The fact that he is hitting left-handers so well allows Coach Hyde to keep him and his defense in centerfield every day and shift Austin Hayes over to left field. That puts two pretty good defensive outfielders in the game at the same time which should have a positive effect on the pitching staff. Mullins defense approaches the elite level, he is currently second in range factor as a center fielder (Oakland's Ramon Laureano is first) and first in defensive putouts.

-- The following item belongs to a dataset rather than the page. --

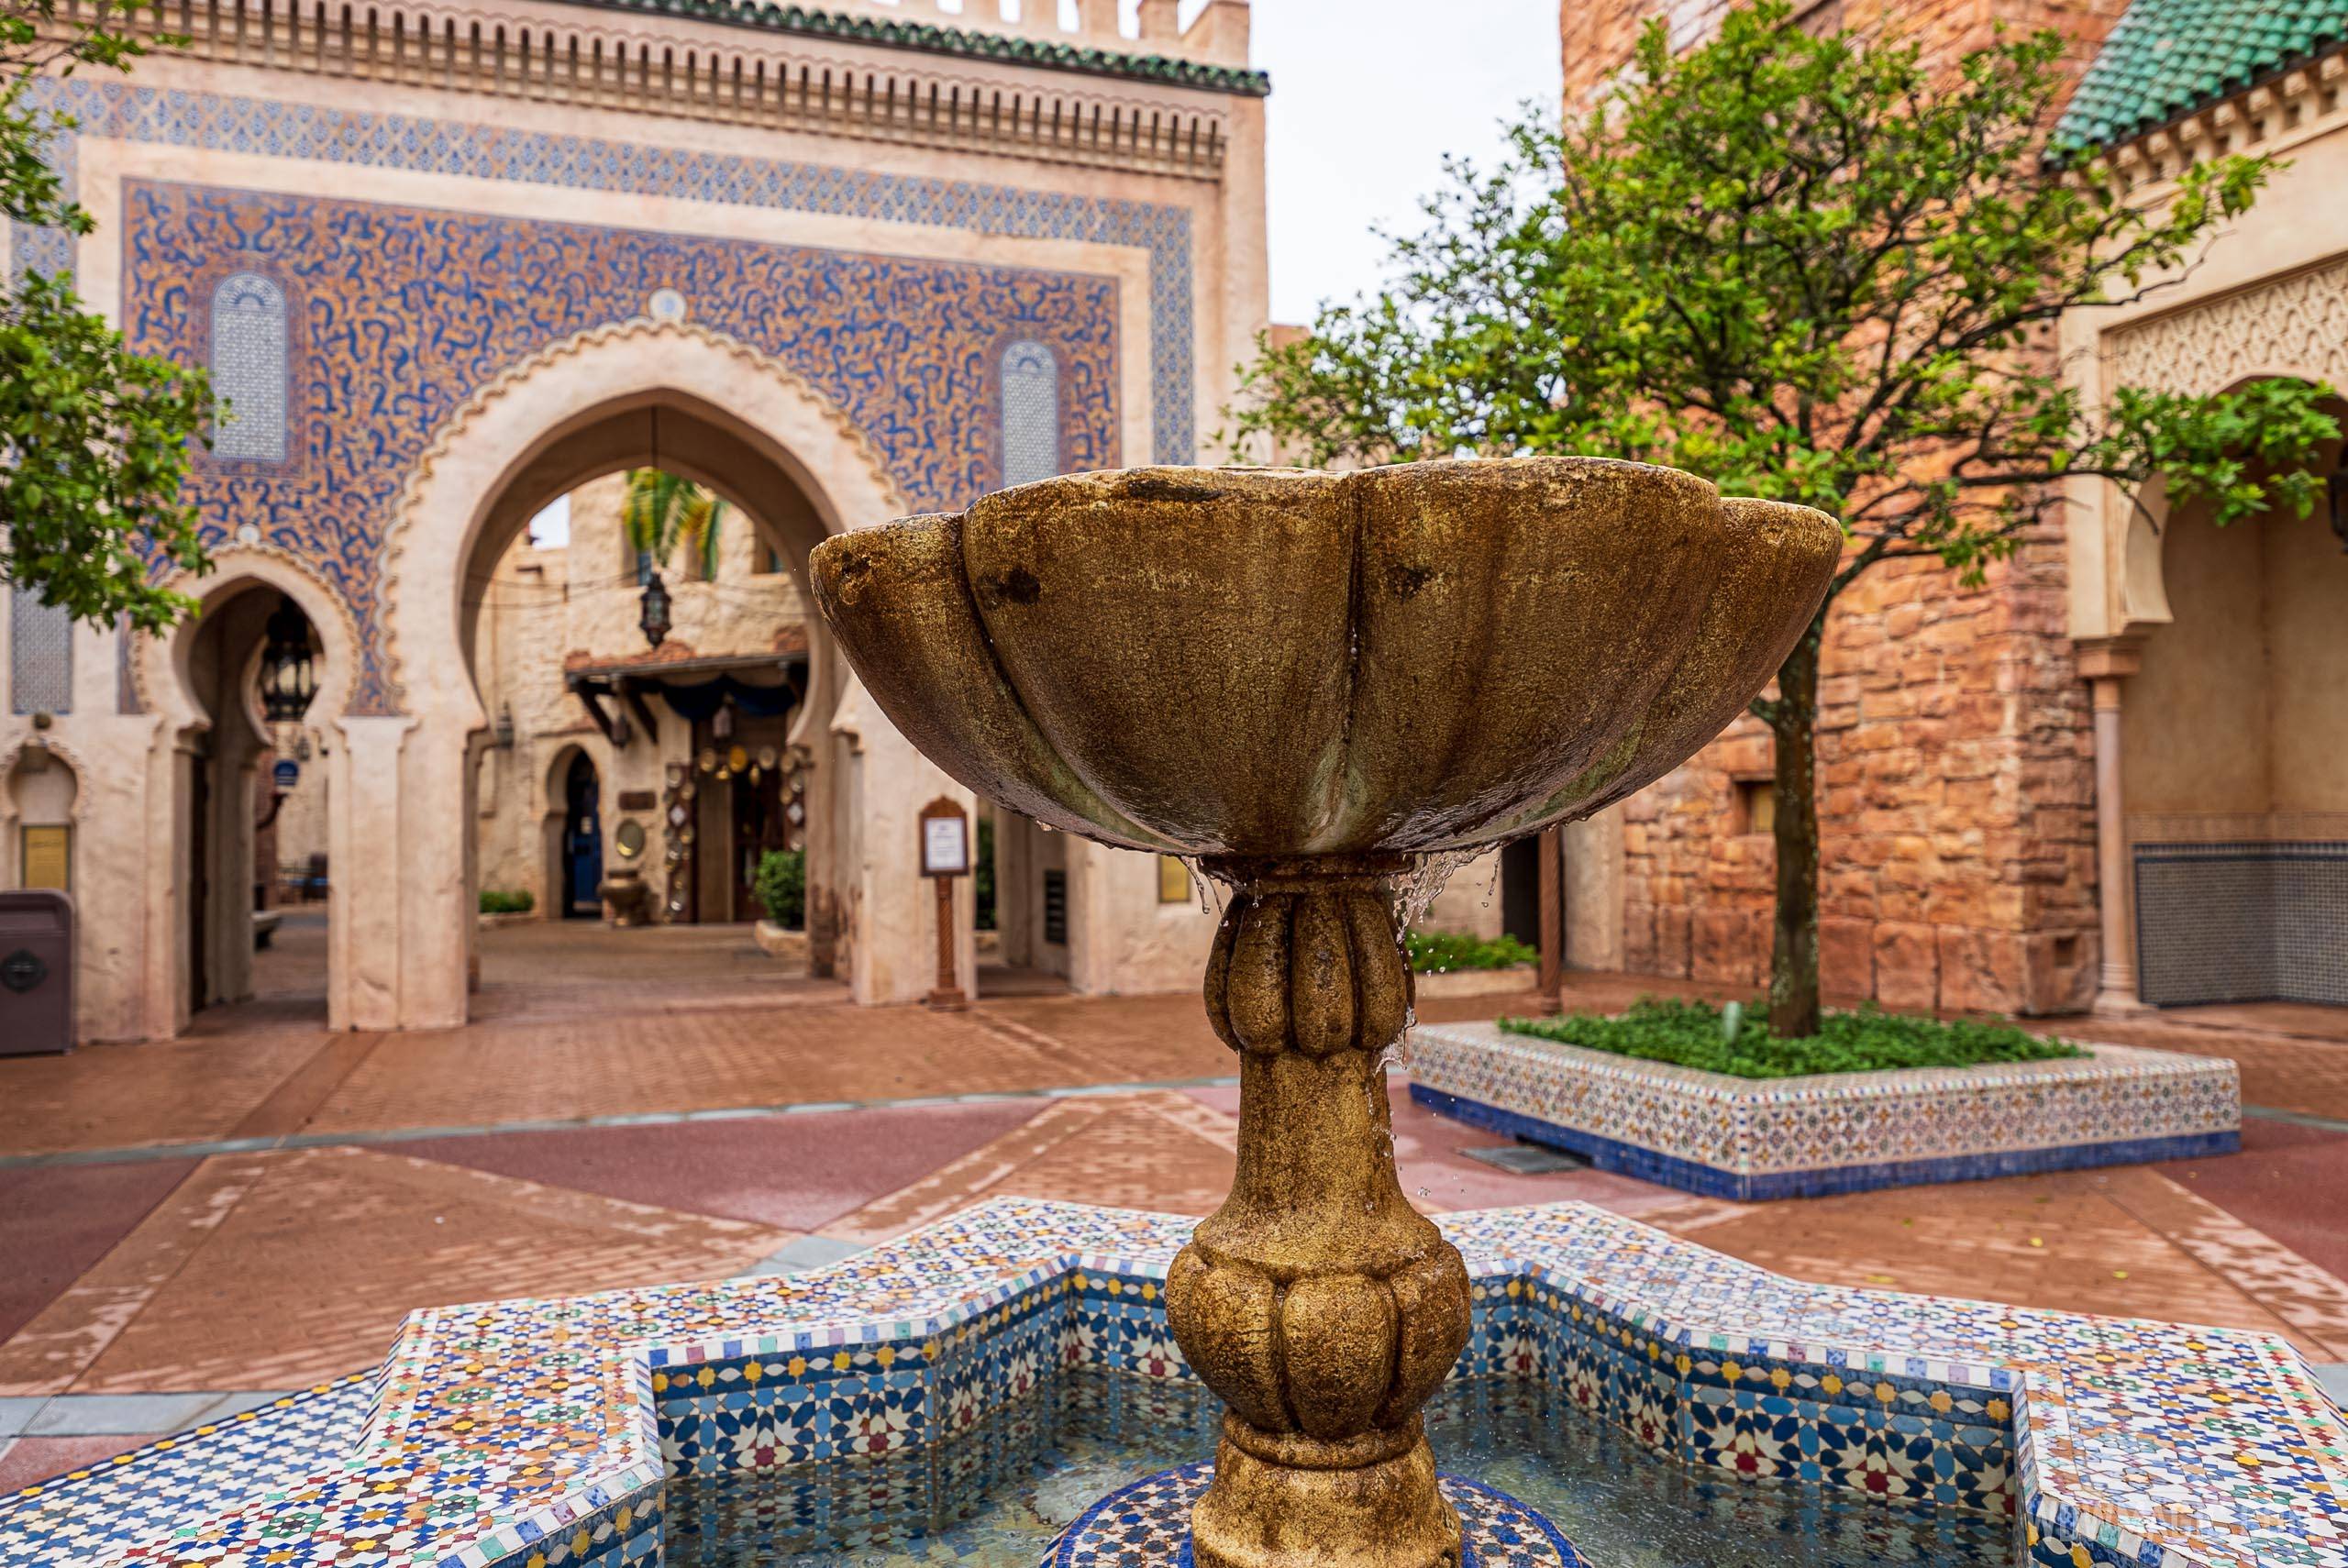 Morocco pavilion central courtyard reopens - July 6 2021

3. Adam Plutko: 1-0, 1.27 ERA, 21.1 IP, 14 K, 9 BB, 339 ERA+, 2.68 FIP, 15 games

For a pick-up that came at the tailend of Spring Training, Plutko has been a savior for the Orioles bullpen. With non-Means starters routinely struggling to get through the fifth inning the O's have needed someone to step in and work the middle innings effectively. Plutko has been that reliever. His 15 appearances is third on the team, trailing only lefties Tanner Scott and Paul Fry, but his 21.1 innings pitched leads all relievers by a comfortable margin. 

He's allowed just one earned run over his last eleven appearances and just three runs total over the seasons. His inherited runners scored rate is a little lofty at 47%, but he's been put in some tight spots. In seven appearances he's come into the game with two or more runners on base. Three times he's wiggled out of those jams without allowing a run at all. 

A lot of his success can be pointed to the fact that he is getting opponents to hit the ball on the ground. Throughout his career roughly 30% of the balls put into play off of his pitches were grounders. This season his ground ball rate is 42.4%. Needless to say that plays well in Camden Yards. Less fly balls mean less home runs and his HR rate is 1.2% this year compared to 5.0% over his career. 

Could the O's move him into the starting rotation due to his success? Possibly. He does have a starter's pedigree where he worked out of the rotation for most of his time in Cleveland. Doing so, however, would remove a vital piece of the bullpen from Coach Hyde. It's more likely Plutko will get dealt to a contender sometime this summer if he keeps up his success.